ASSIGNMENT: Produce a faithful copy of the data, one that leaves out the pictures.

EXERCISE DATA:
--- START ---

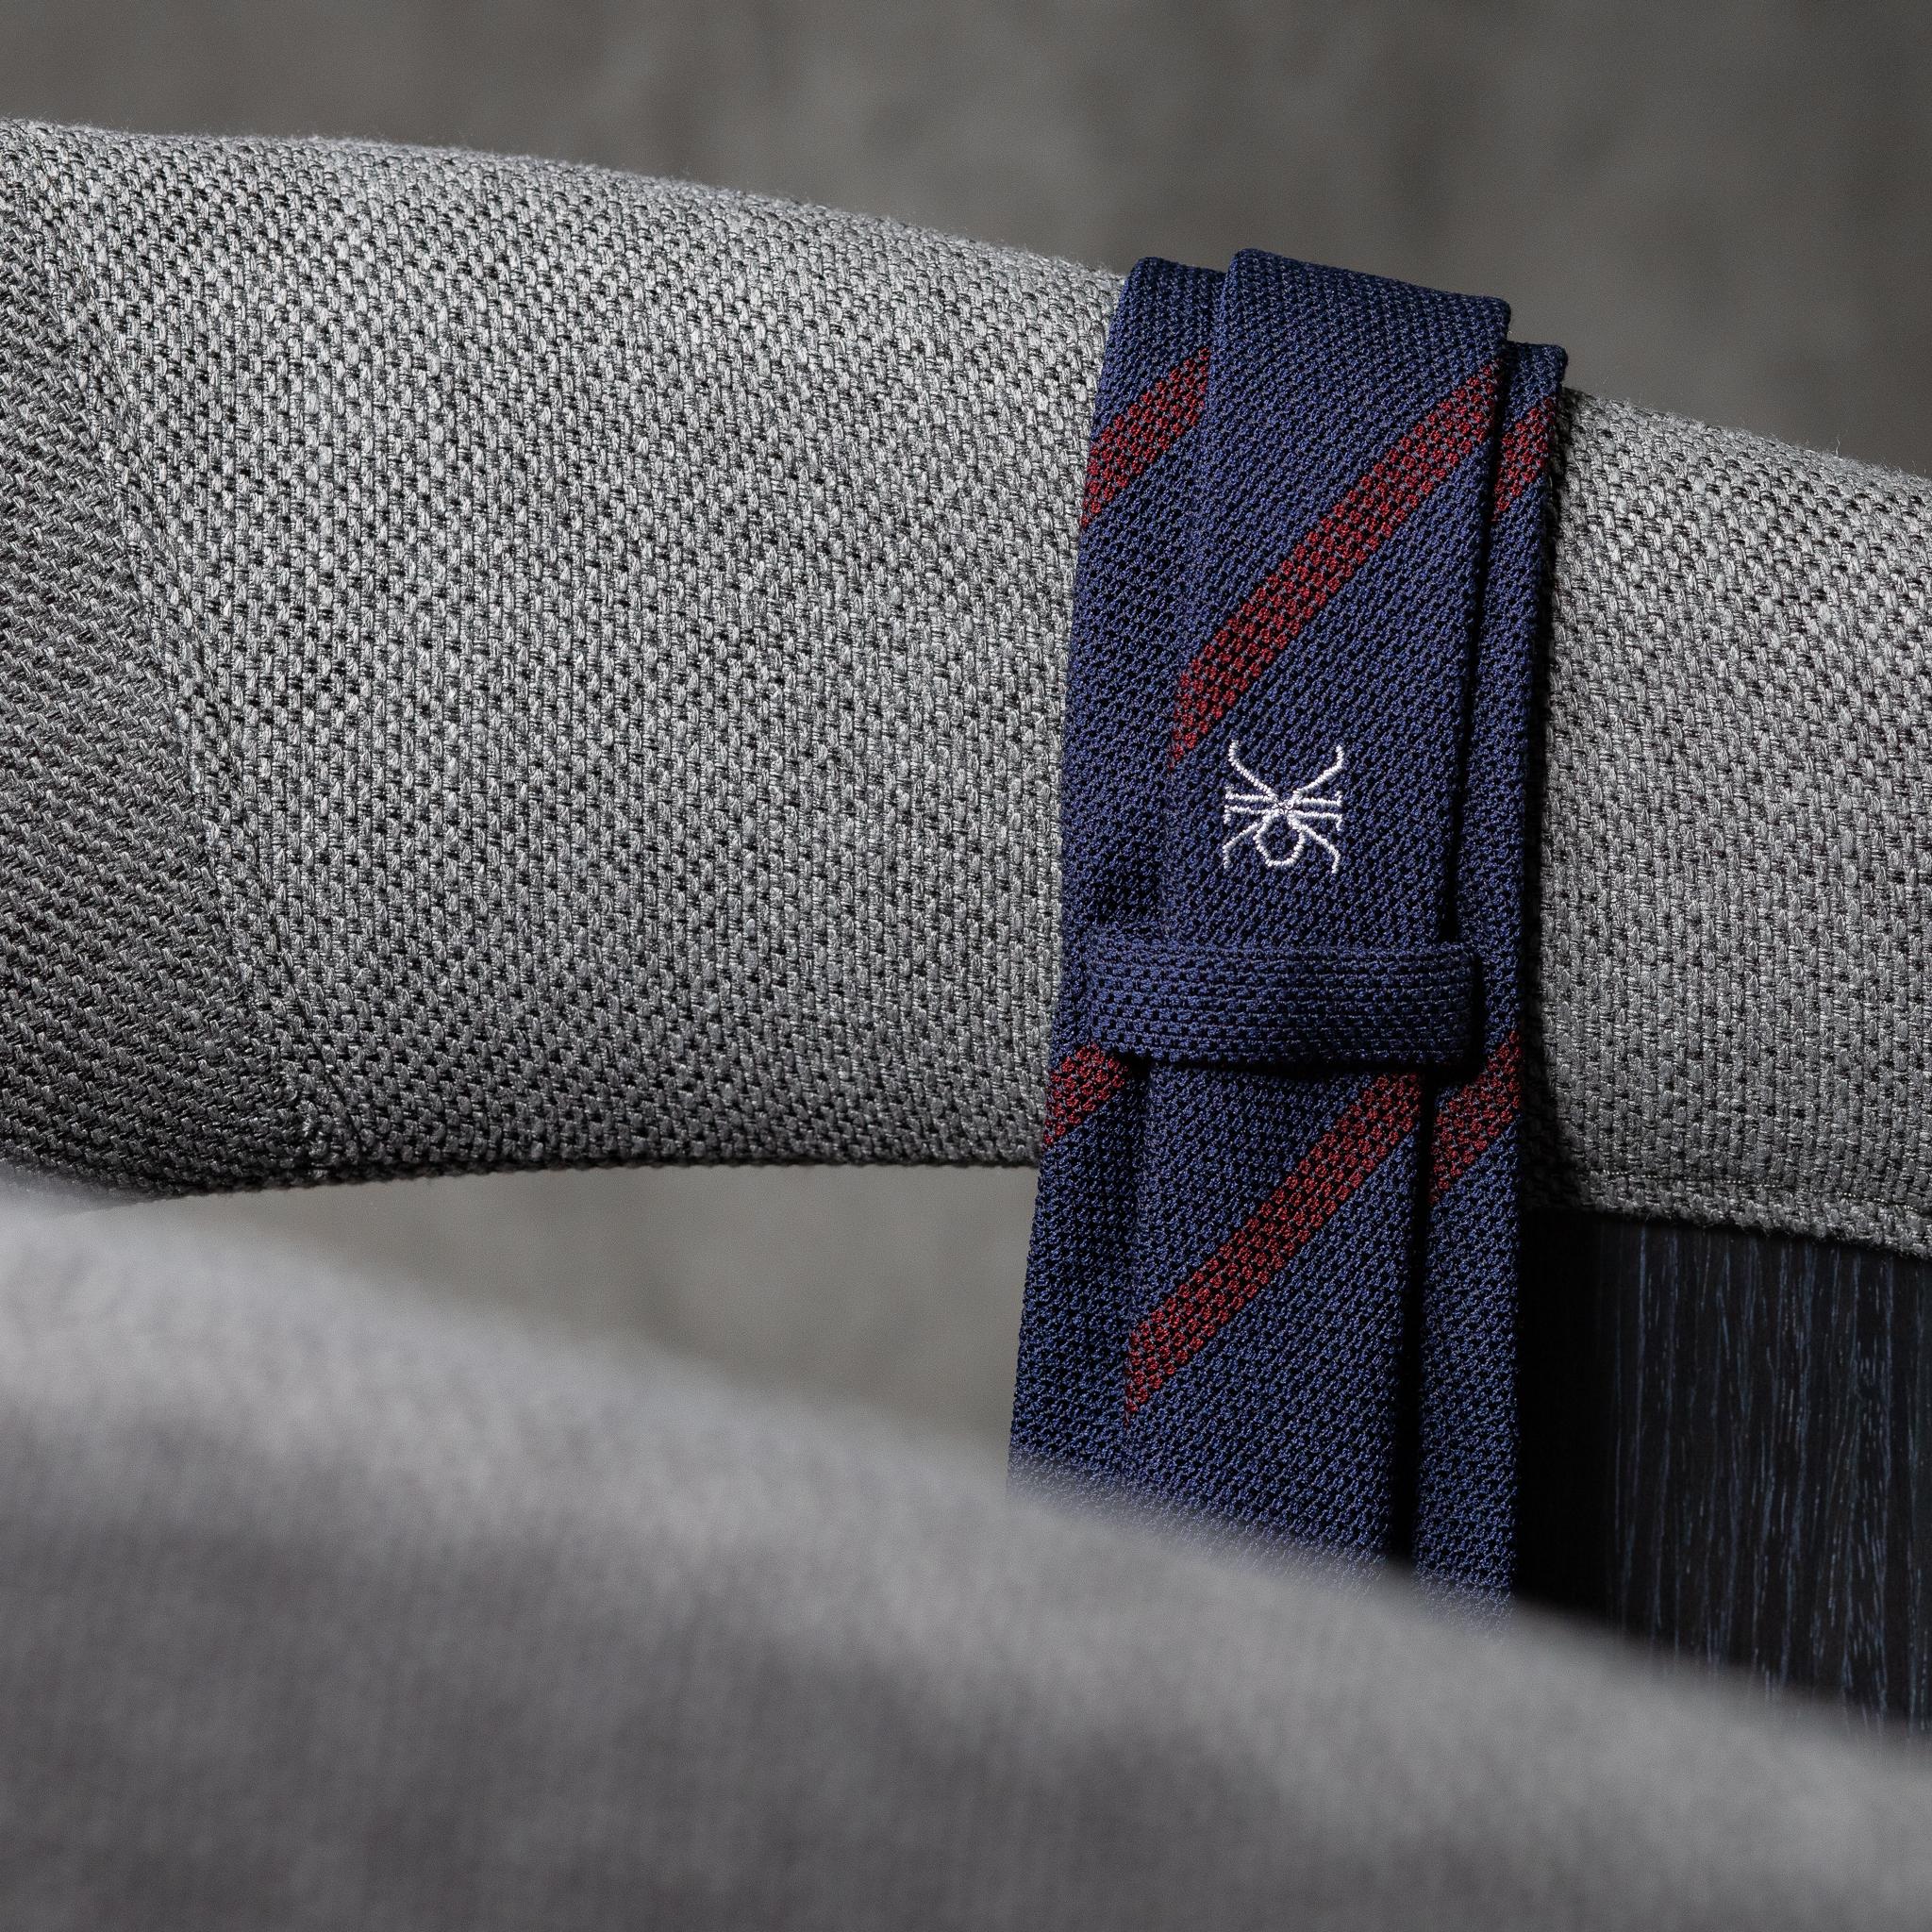 BOUCLÉ-0535-Tie-Initials-Corbata-Iniciales-The-Seelk-3
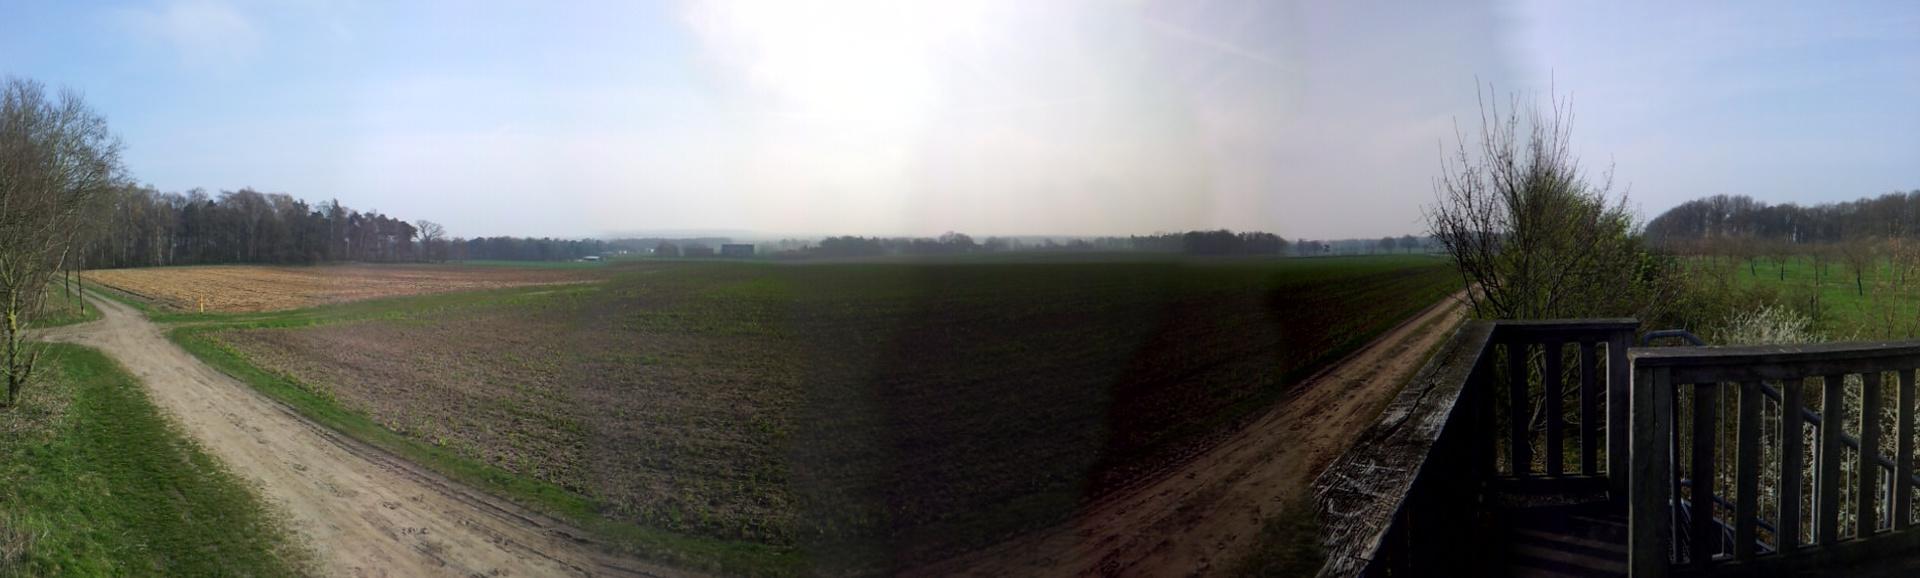 Das Lohner Moor
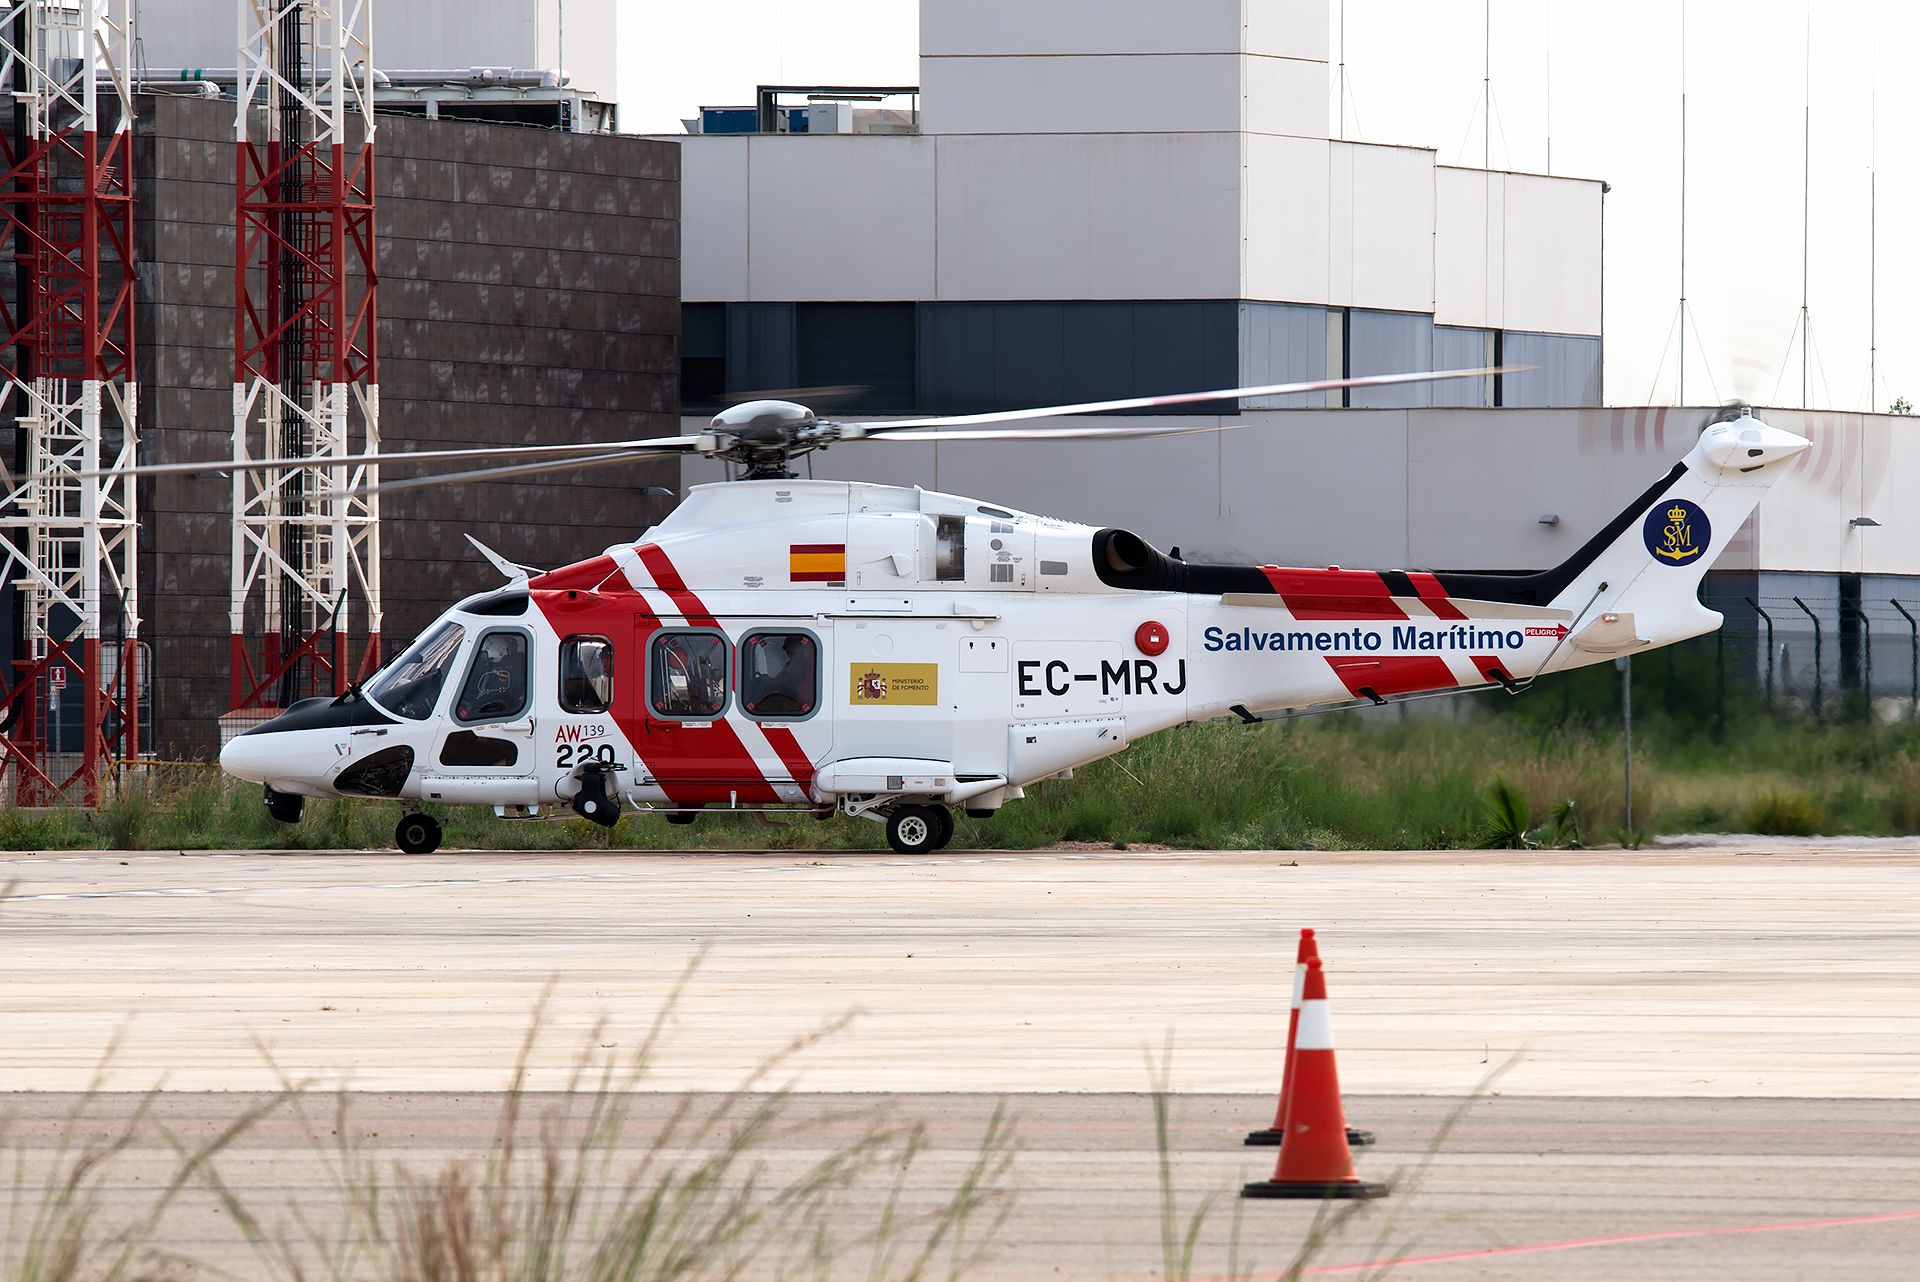 Click image for larger version.  Name:EC-MRJ_AW139_Spain-Coast-Guard.jpg Views:16 Size:1.60 MB ID:19596

--- END ---

REPLY:
 BOUCLÉ-0535-Tie-Initials-Corbata-Iniciales-The-Seelk-3
 Das Lohner Moor
 Click image for larger version.  Name:EC-MRJ_AW139_Spain-Coast-Guard.jpg Views:16 Size:1.60 MB ID:19596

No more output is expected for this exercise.